“Drones.” The word conjures up visions of everything from unmanned planes used for military intelligence gathering and weapons to small vehicles with multiple propellers that look like a sophisticated toy flown by someone in their backyard. Now imagine them being used not just by video production companies, but by:
Farmers, to evaluate their land, crops, herds, etc.;
Broadcasters, for news coverage;
Utilities, to inspect their pipelines, electrical lines and other infrastructure;
Companies, for commercial/industrial imaging, 3D modeling and surveying;
MLB and NFL teams, in and around their open-air stadiums
You get the picture. Camera equipped drones or unmanned aerial vehicles (UAVs), or unmanned aircraft systems (UAS) as they are also known, are becoming increasingly common.

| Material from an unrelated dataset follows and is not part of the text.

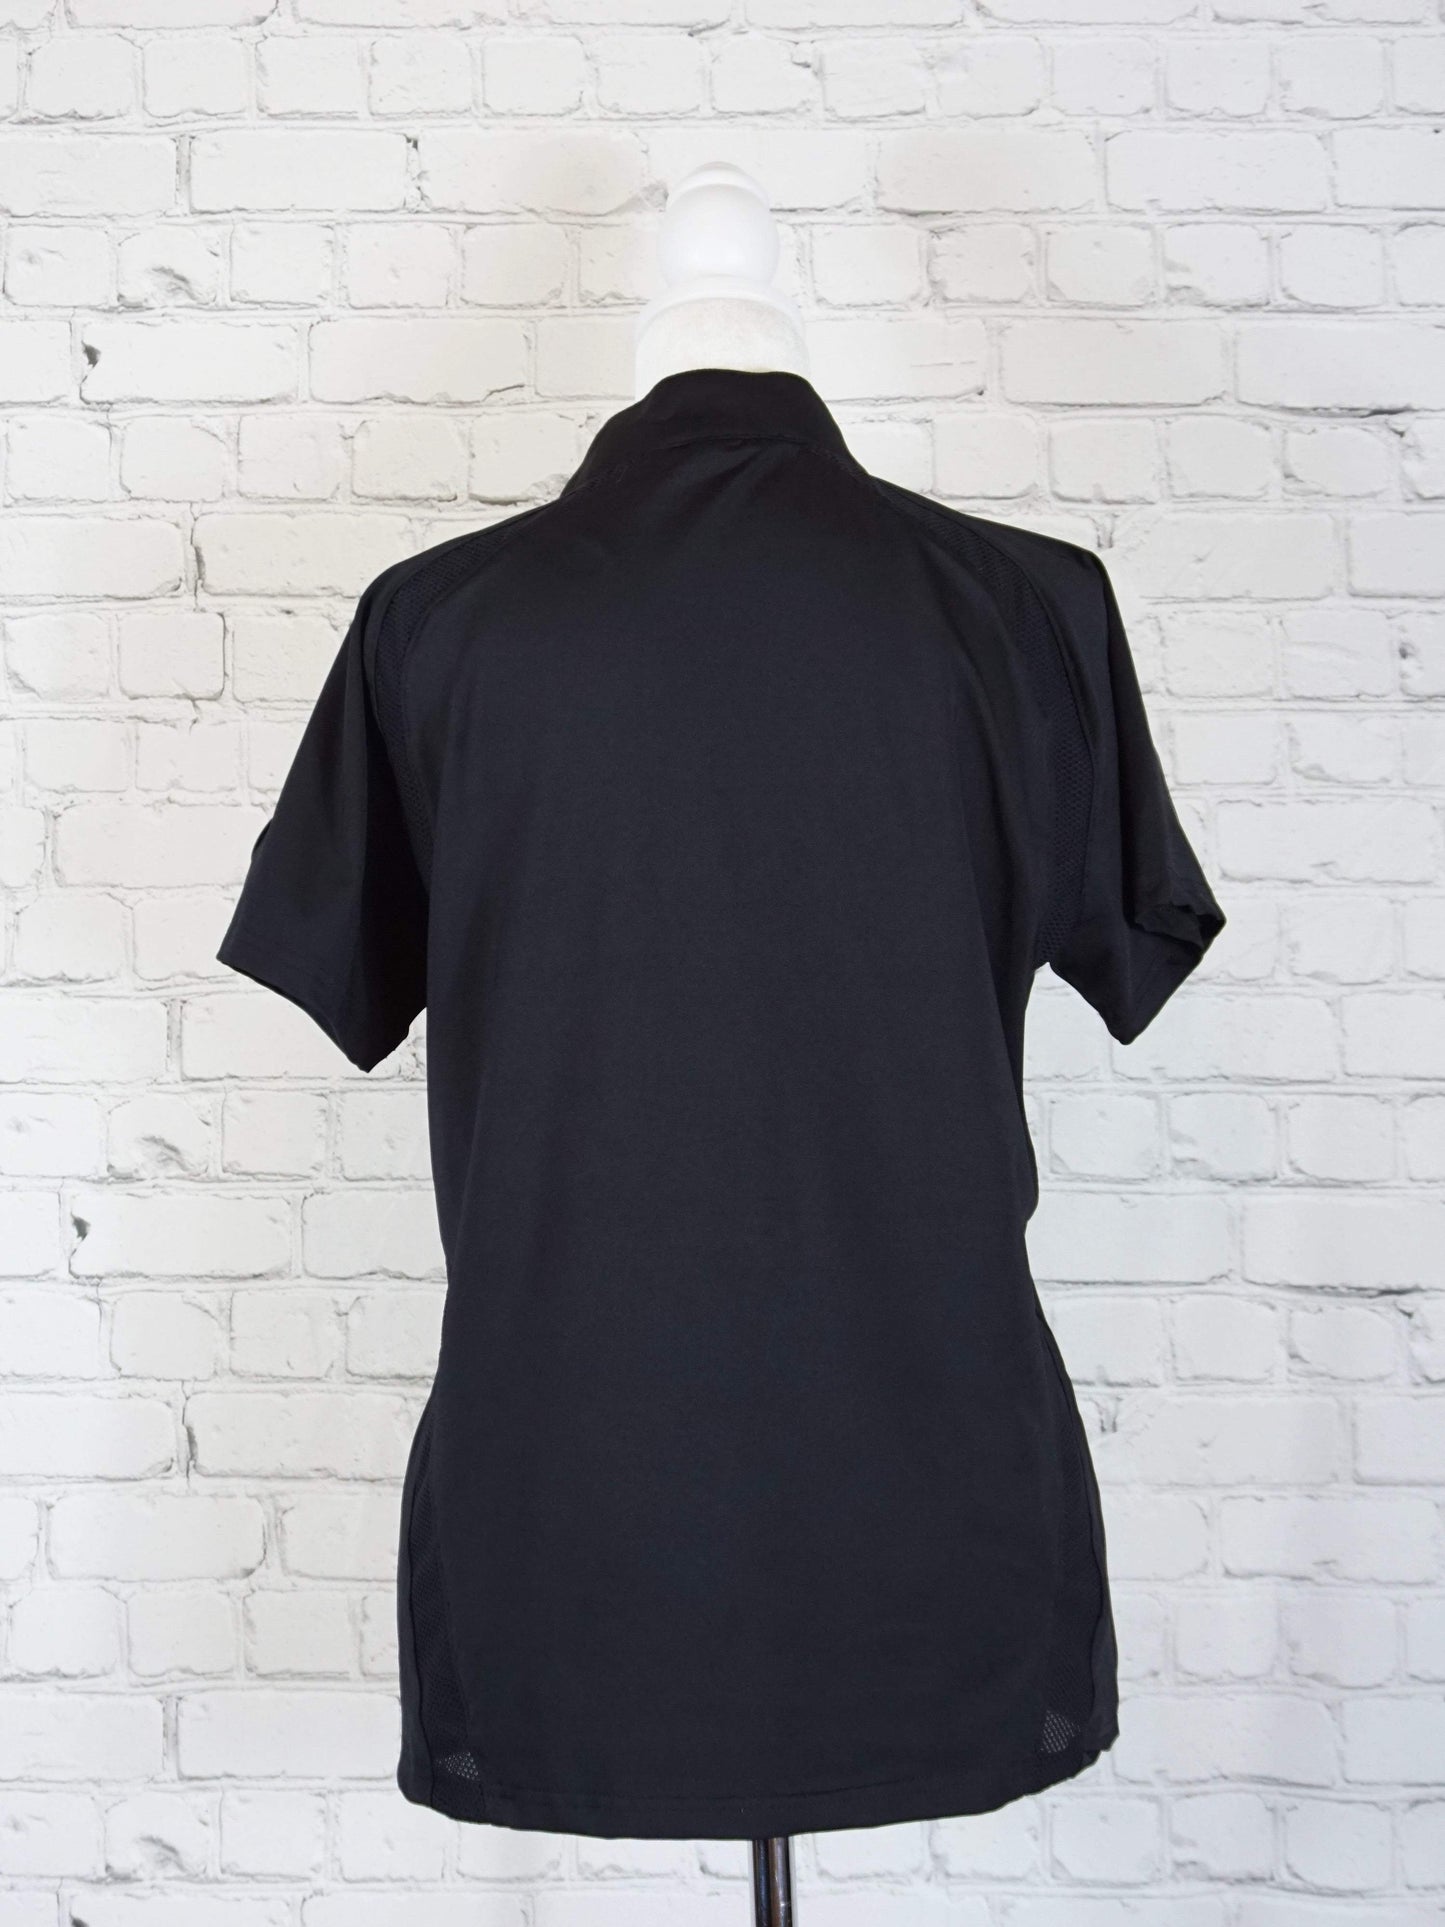 Goode Rider Premier Show Shirt in Black - XL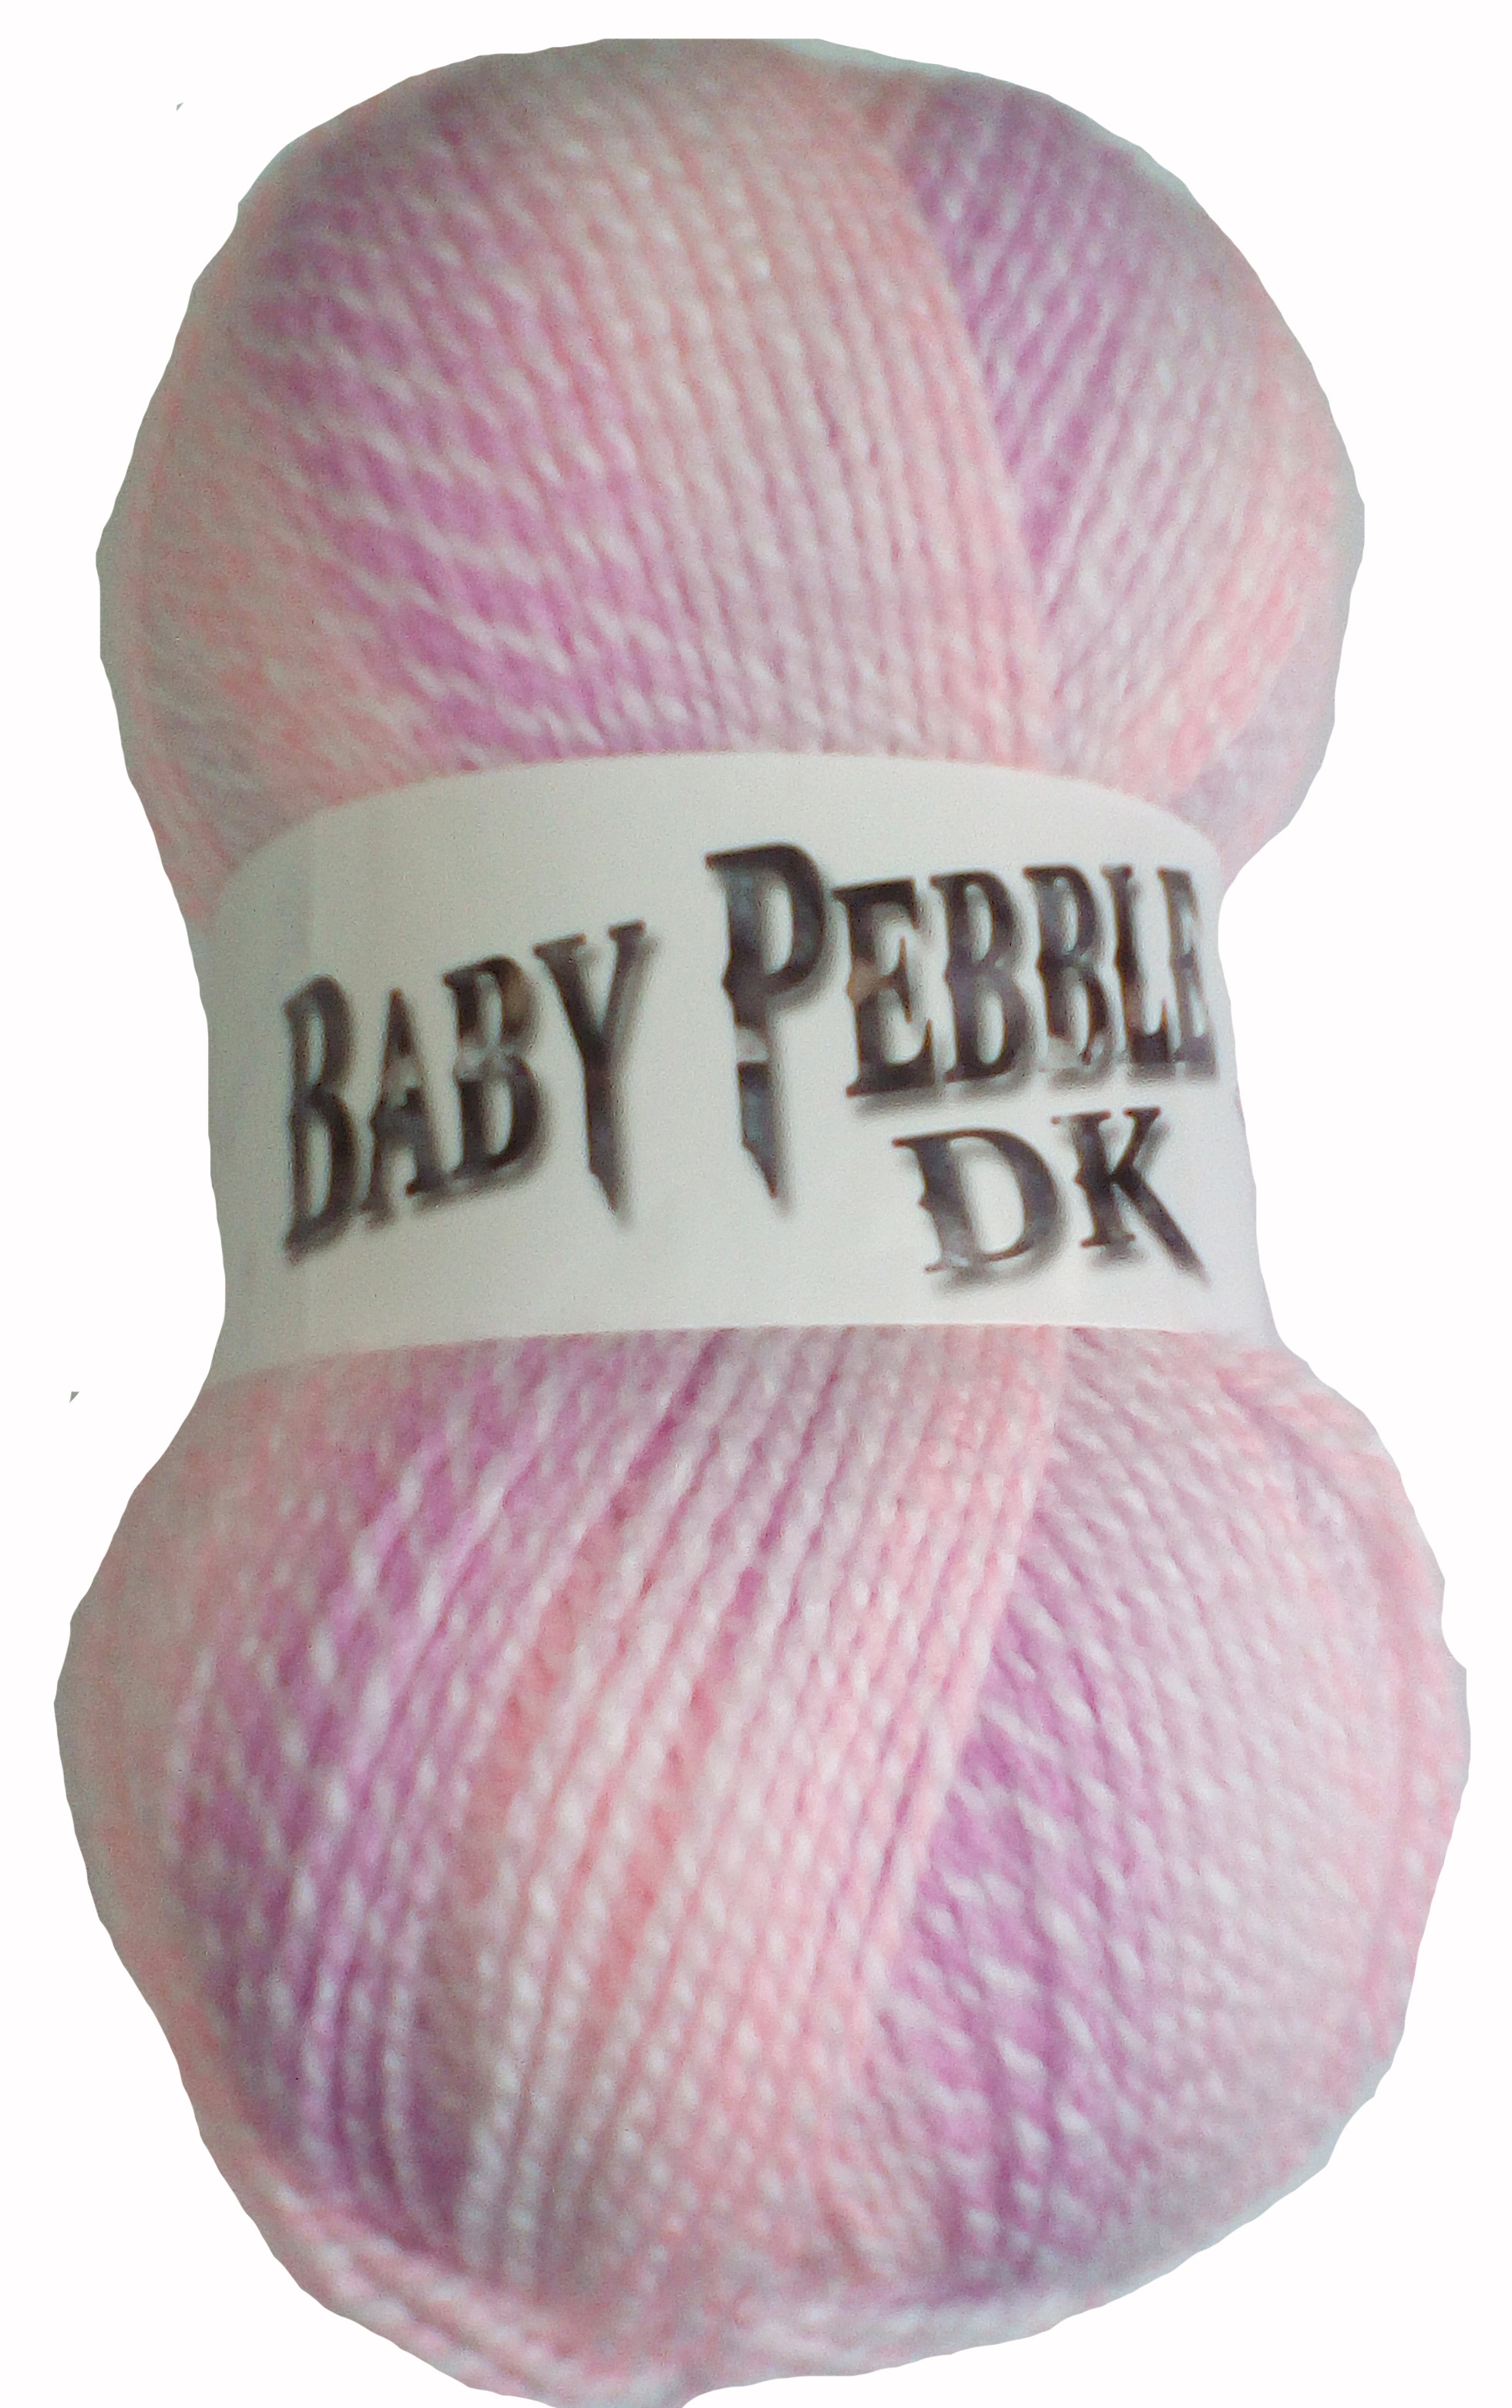 Baby Pebble 10x100g Balls Gelato 105

While recreational drones do not need any kind of license, the Federal Aviation Administration (FAA) has imposed height of operation and other restrictions on them including a requirement that recreational UAVs not be operated near people or airports. However, for non-recreational uses, it has been difficult for regulators to keep up with the rapid growth in popularity and technical advancements of UAVs. While the current regulations are viewed as challenging, the FAA is in the process of formulating new regulations that would allow for routine use of certain small UAVs. These regulations would apply to UAVs under 55 pounds conducting non-recreational operations. However, the new regulations are not final.
Until the new regulations are issued, the current regulations continue to apply to commercial operators. For now, the main requirements needed to operate a UAV for a business are:
- Section 333 grant of exemption from the FAA;
- Certificate of Waiver or Authorization (COA) from the FAA;
- UAV registered with the FAA; and
- Pilot with an FAA airman certificate.
To be clear, flying only for hobby or recreational purposes does not require an FAA authorization in the form of a Section 333 grant of exemption. But, if you are flying a UAV to supplement or aid your business, even if you are not charging fees for doing so, you will need the Section 333 grant of exemption, along with requirements 2, 3 and 4 above.